Closed olekto closed 4 years ago
Hi Ole,
Thanks for reporting this. I've seen similar issues before, and the problem is that the path is not terminated at the circular contig. I'll try to push a fix soon.
In the meantime you can try to tweak the parameters to avoid the circular contig, e.g. by increasing/reducing -s and -q. If that doesn't solve it you can also try different -b, -F, and -f.
Thank you Markus.
Both -s and -q are default (20000 and 60). I could try increasing -s to see what effects that have. However, scaffolding now takes about 14 hours, so it will take time testing.
Changing -b and -F might also reduce the time spent scaffolding? I'll try changing a bit and I'll report back.
Ole
Choosing -s depends on the fragment sizes of your input DNA. If you had very long DNA you can increase -s - that should boost the number of barcodes differentiating regions and may give you better resolution in the link graph with fewer spurious edges. On the other hand, shorter -s may give linkage information about contigs that are physically distant to each other, so it's worth experimenting.

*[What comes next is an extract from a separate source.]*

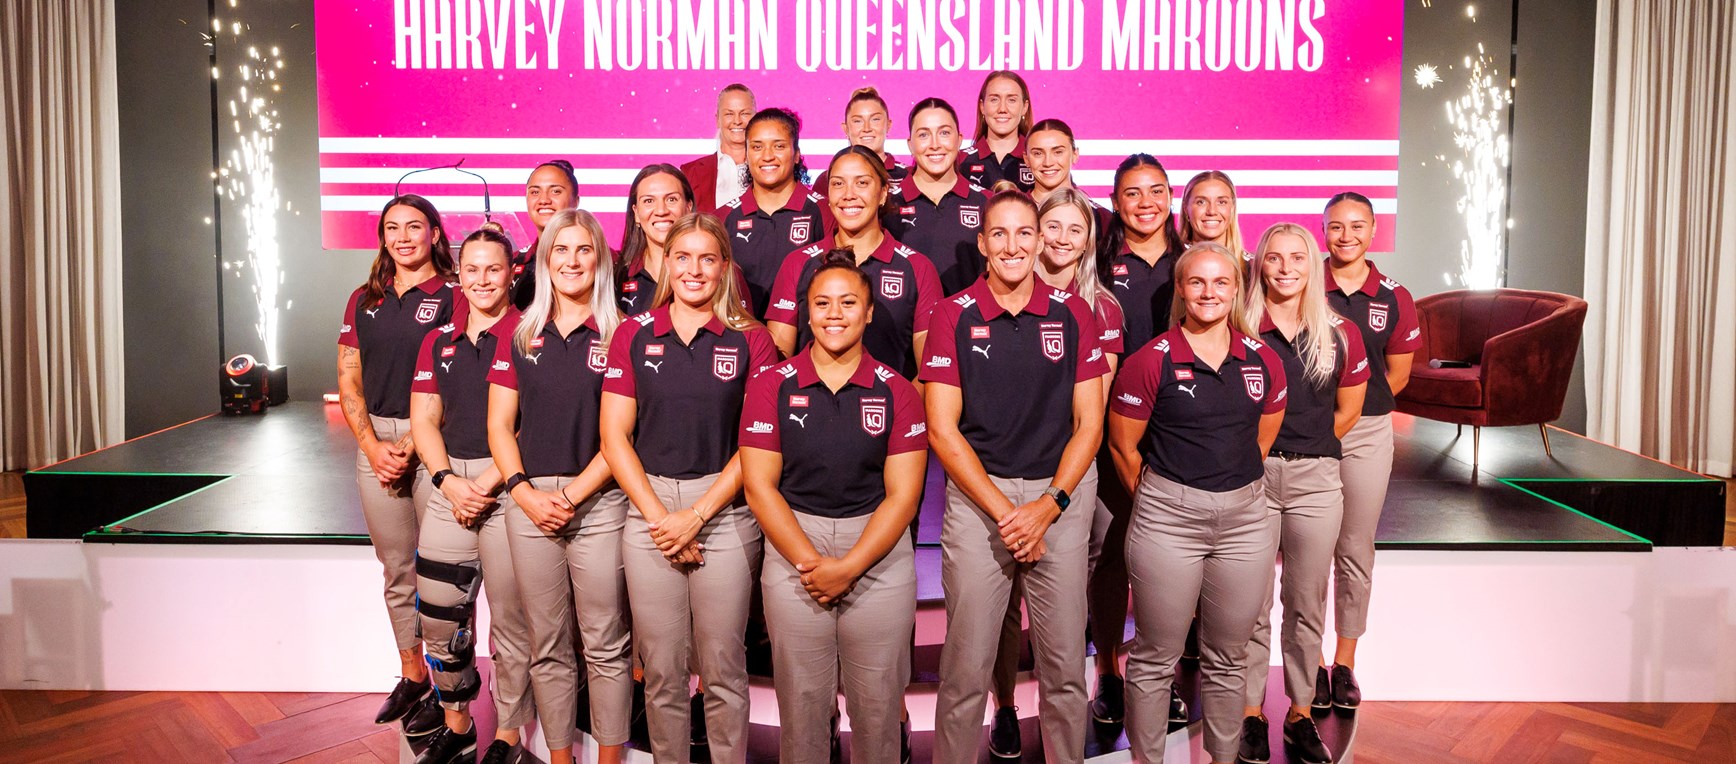 In pictures: Harvey Norman Queensland Maroons series launch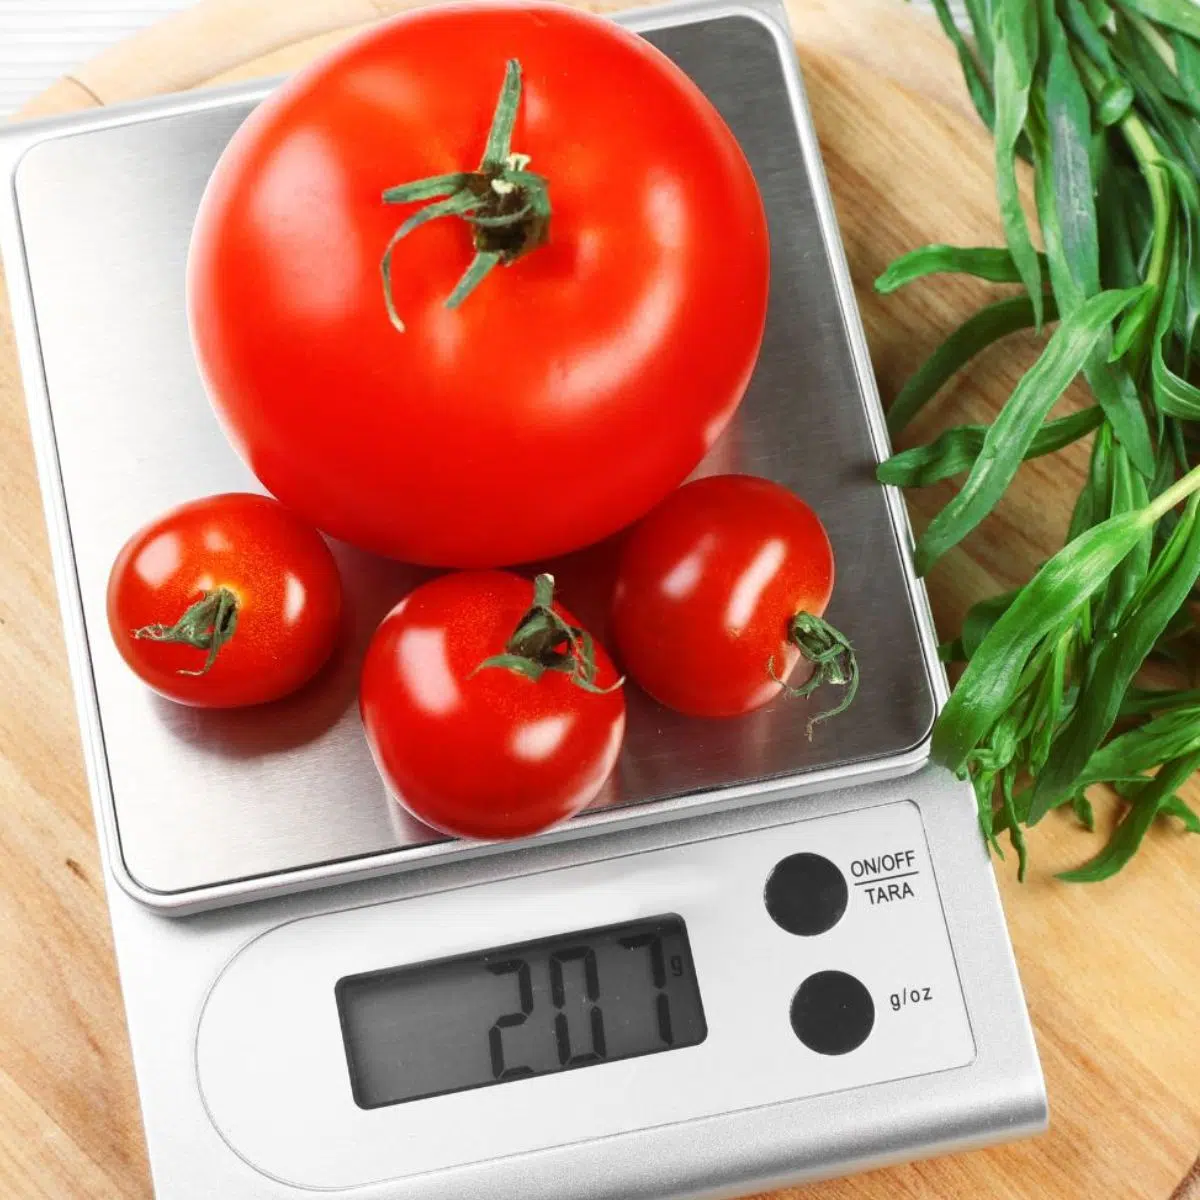 キッチン スケールとグラムで計量された新鮮なトマトで示されている調理とベーキングのためのポンド換算のグラム。

About the computing time there is unfortunately not much to do at the moment parameter-wise. The time will depend primarily on the number of contigs in your input assembly and secondarily on your read coverage. You could try downsampling your read mappings and risk losing some information for the benefit of reduced computing time. Another option, if you're not interested in anchoring short contigs, would be to filter your input assembly to remove contigs shorter than a given value. That way you will get more gaps in your output scaffolds but the time spent in the scaffolding step should be reduced. Keep in mind that you would also have to remove mappings to those contigs from your bam file in that case.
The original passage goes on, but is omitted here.